## Data
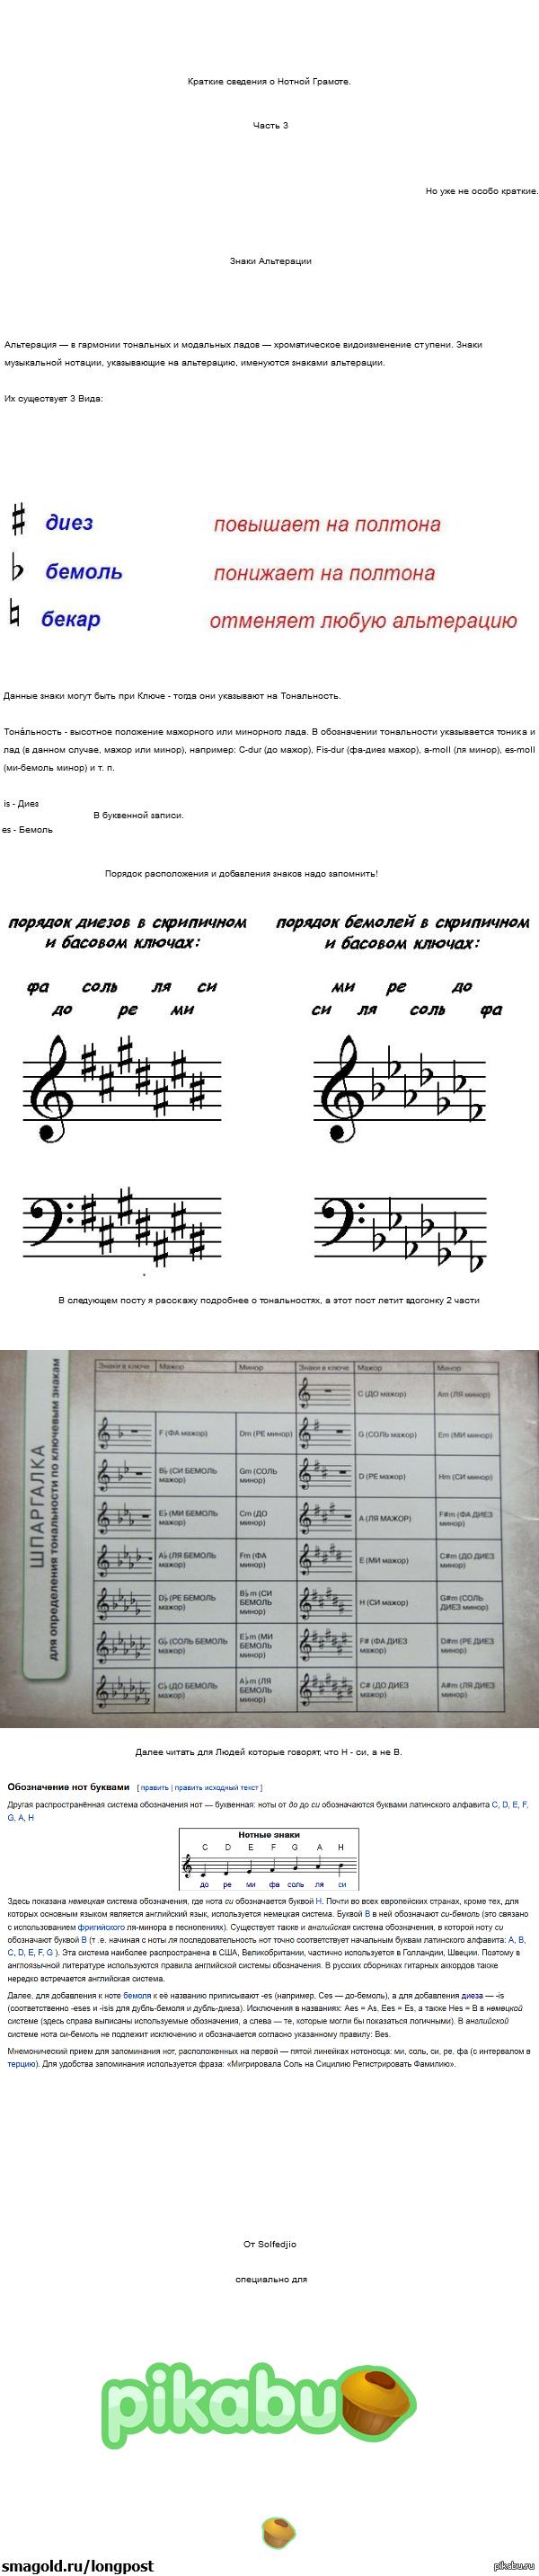 Тест на знание нотной грамоты
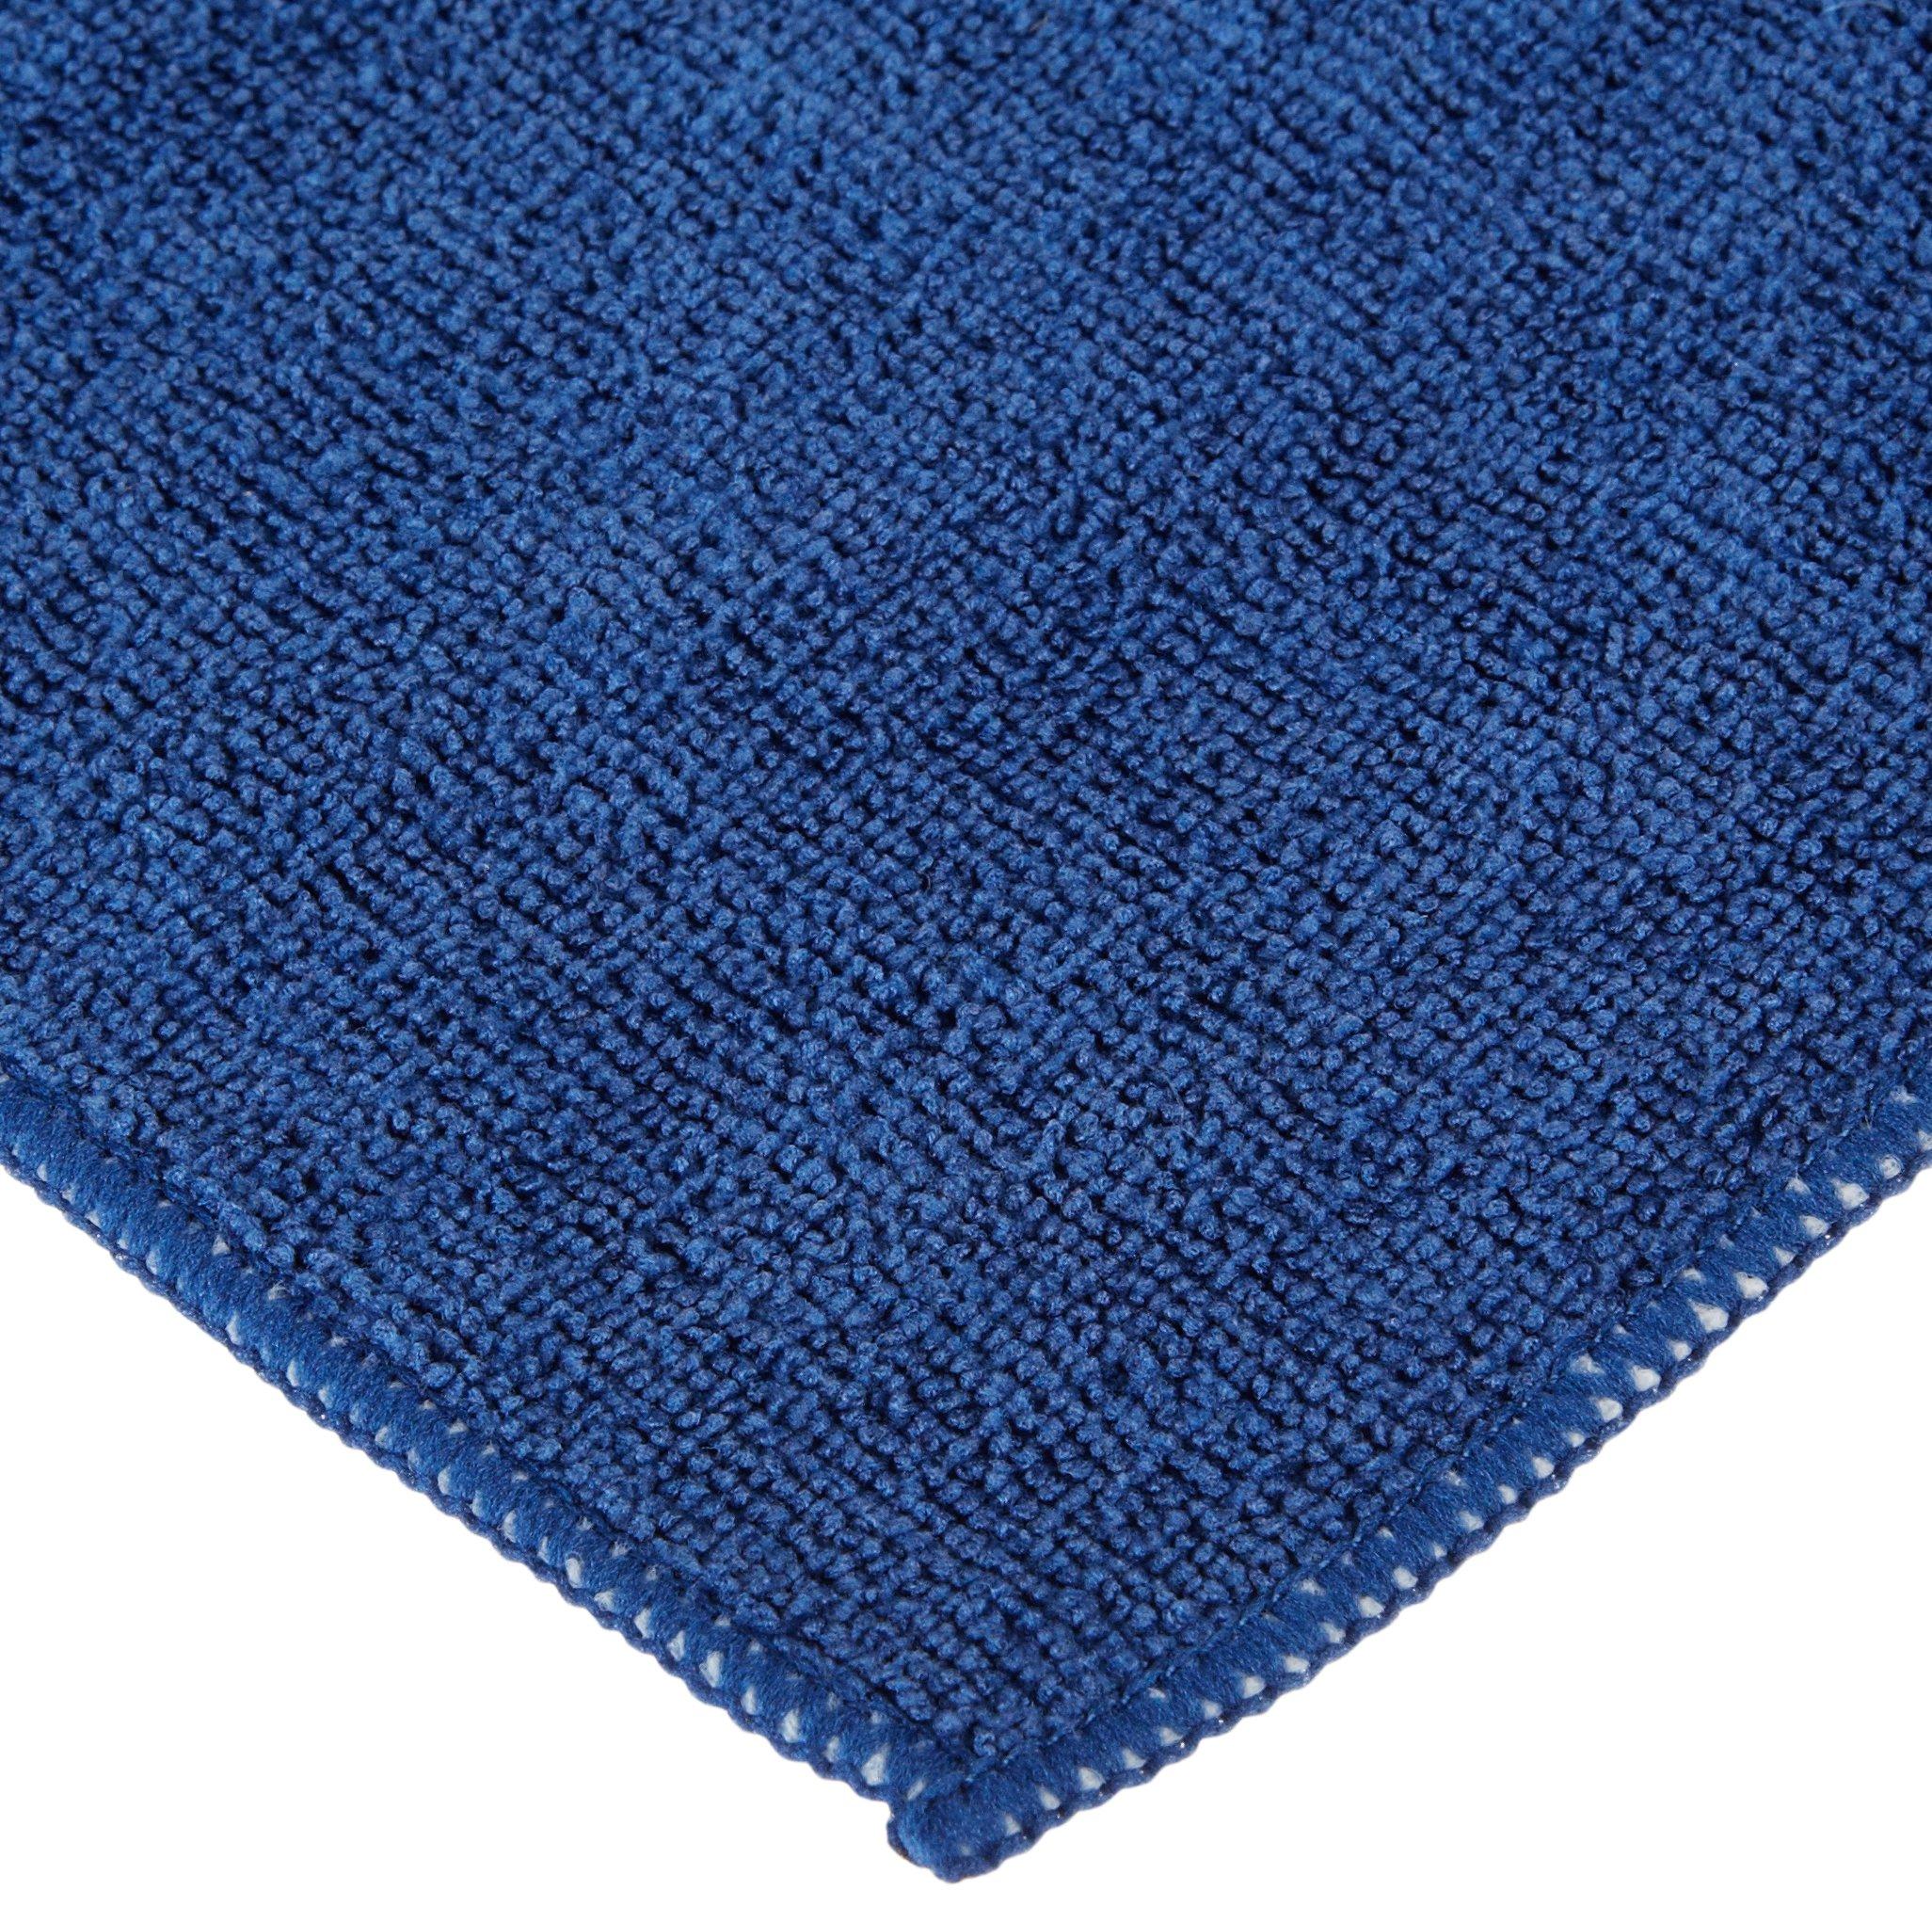 Wilen E871016, Supremo Microfiber Cloth, 16'' Length x 16'' Width, Navy Blue (Case of 180)
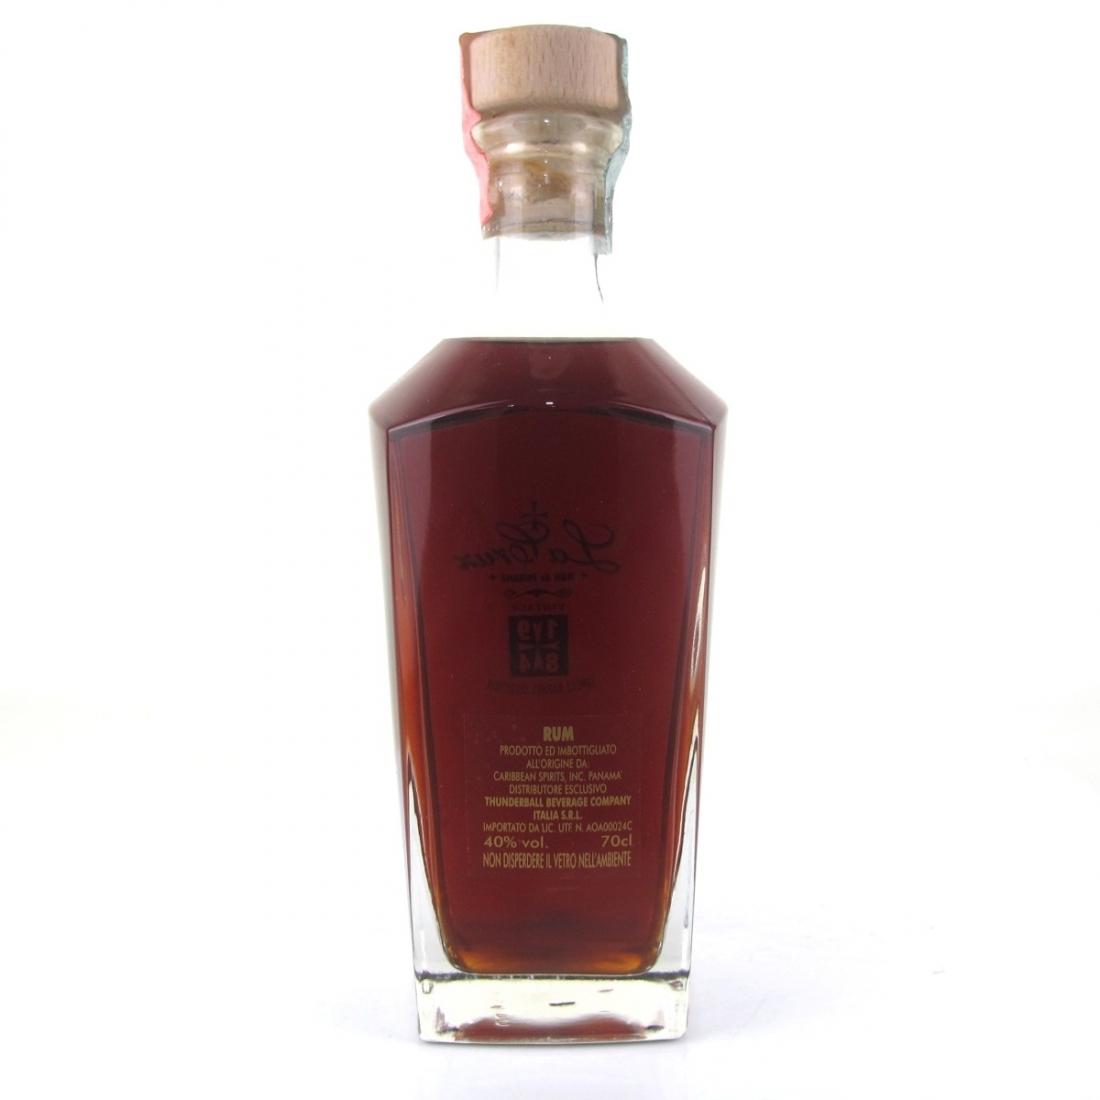 La Cruz 1984 Ron de Panama Single Barrel Rum

## What to do
Take the lines from the one that contains "Wilen E871016, Supremo" through the last line of the material above and reproduce them exactly, leaving out any pictures.

## Answer for this exercise
 Wilen E871016, Supremo Microfiber Cloth, 16'' Length x 16'' Width, Navy Blue (Case of 180)
 La Cruz 1984 Ron de Panama Single Barrel Rum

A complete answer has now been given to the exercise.